Reflection by Jacquie Boughner
Artist: Tom Krysiak
Title: ‘Cross’
Edited interview from L’Arche Canada ‘Human Future’ Spring 2012
Beth Porter: You have been drawn to the art of the people who have intellectual disabilities in L’Arche. What attracts you?
Jacquie Boughner: All art is an extension of the body, and the body is something L’Arche understands, simply because the people of L’Arche often live with bodily limitations or need help caring for their bodies. I heard a choreographer once describe the act of creating as “the body in a free fall and then being caught”— that sensation of letting go and trusting. We don’t intellectualize this work as a narrative — we physically feel it as a gesture. L’Arche artists know and celebrate this, allowing the deepest impulse of our human reality to happen, to be expressed in creativity. To be creative is a part of being human. There is a freedom and truthfulness in their art.
BP: Is the art of people with intellectual disabilities different then, from other art?
JB: In art there is the indefinable that makes a work breathe. It’s a kind of mysterious tension between head and heart that gives life. The art of L’Arche is all about this breath and life that is found in the gesture of the body, by the act of painting, or drawing a line with immediacy, intensity. It represents a commitment to living fully in the moment.
BP: Was there a moment when you began to notice the art of L’Arche members?

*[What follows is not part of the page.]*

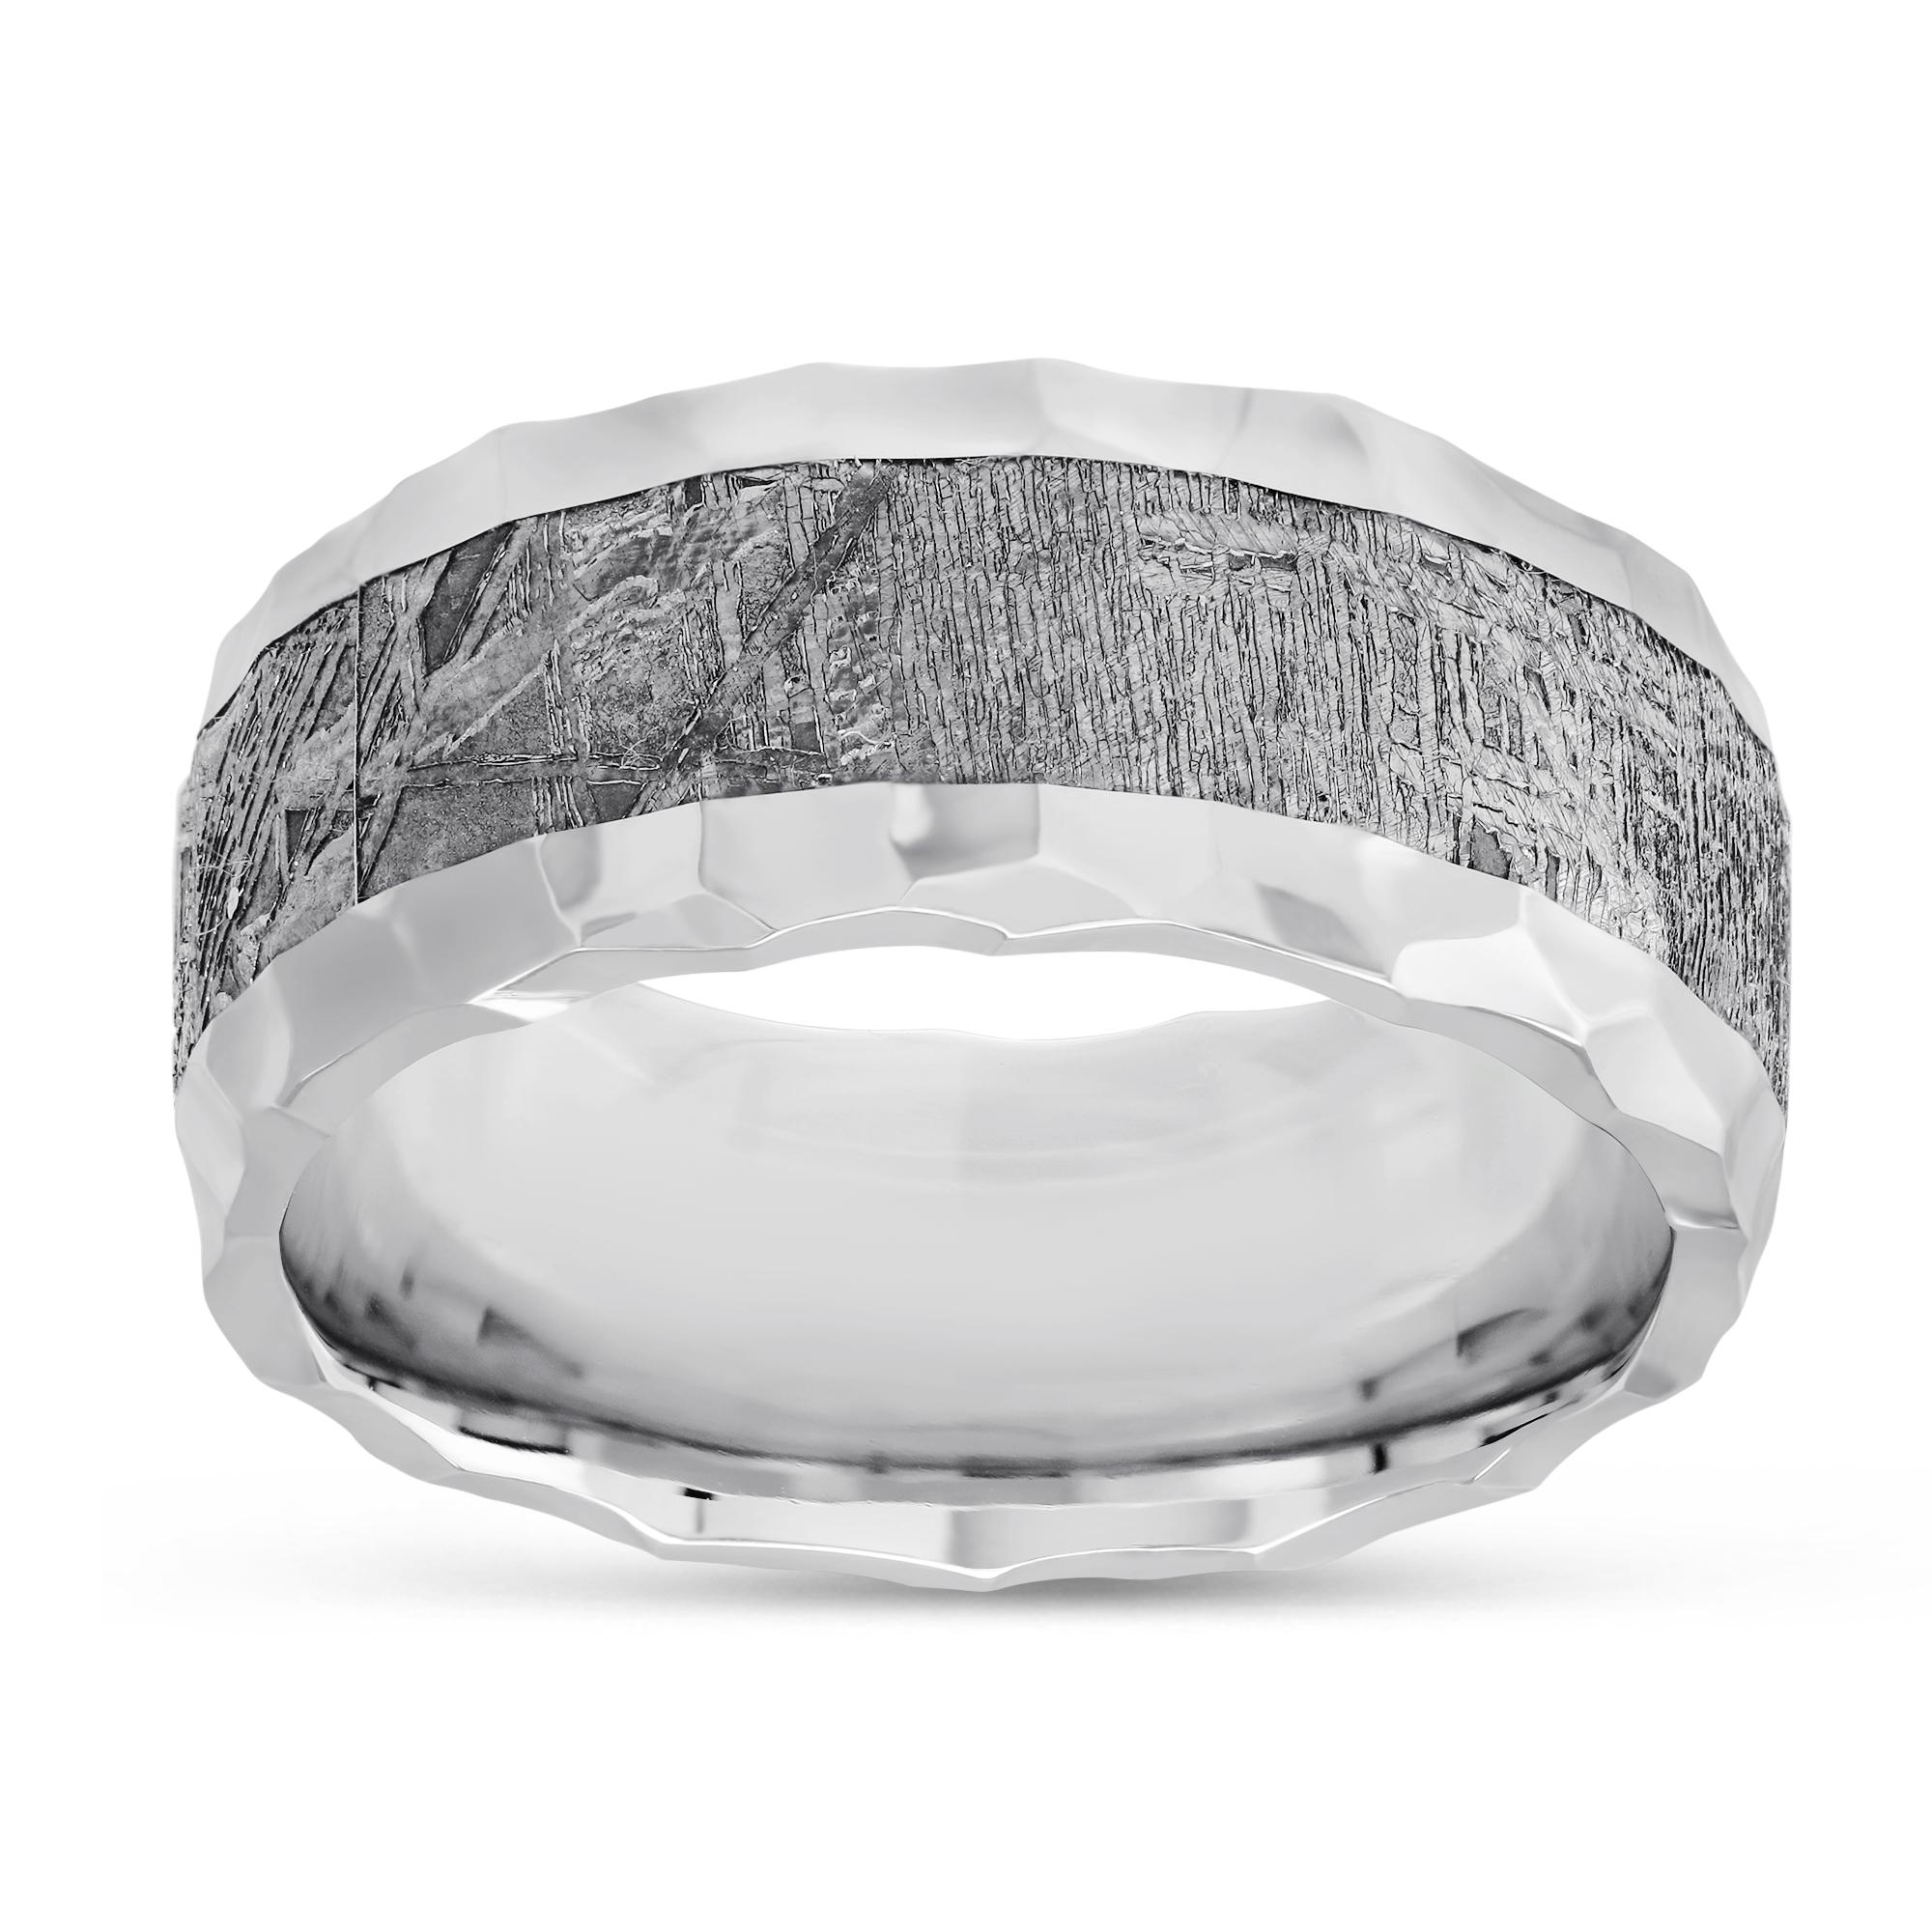 Cobalt Chrome Meteorite Wedding Band 9mm Borsheims

JB: I walked into the Craft Studio at L’Arche Daybreak and there was a display of Tom Krysiak’s ceramic crosses. There were colorful, cartoon-like characters pinned to each cross. One looked like Homer Simpson with a big, red, bleeding heart, and another had a ten gallon cowboy hat and a handle-bar mustache. I was mesmerized, confounded and shocked. My first thought was, “Is this blasphemy? Can it actually be religious art?” I have seen similar art objects, in a secular, ironic context—art objects created to outrage by using religious symbols in unorthodox contexts. Tom’s crosses were not done to be ironic or controversial. They came from the heart, from his lived experience. Homer Simpson is a familiar friend, a human-like character present in our lives—and Tom presented him in a very human body experiencing the cross—a raw, incarnated, bleeding and broken body. I couldn’t stop looking at Tom’s crosses, so I bought them all and took them home with me. Every few days I would look at them. Art is a relationship – you have to spend time with it and wait for it to tell you its story. The process of art is completed in the viewer.
I came to understand that these crosses were theologically accurate, aesthetically profound, and deeply confirming of the mystery of the cross— and of life. Perhaps the most significant religious art in this secular world, is produced by those who experience the cross everyday—the other, the outsider, the disadvantaged. In our day, perhaps the religious art that will fill us with awe and wonder is the art that is an expression of vulnerability, by those who are vulnerable.
When this work touches us so deeply, so physically, it confronts us with the essential questions for our human survival—What does ‘being human’ mean? How are we to live this meaning personally in our human community? By the appearance of rule breaking, they redefine and reaffirm the gift of art and the life that it brings.
Their work embodies the innate human response and desire to create a personal, physical mark—a prophetic gesture holding our fragile human identity in the strength of an intentional creative act – it is a way of ‘knowing’.
We are privileged to have artists in L’Arche who have the ability to confound us.
Jacquie Boughner is a professional artist, member of the L’Arche International Stewardship Board, member of L’Arche Daybreak and curator of the L’Arche International 50th Jubilee On-line Art Exhibition.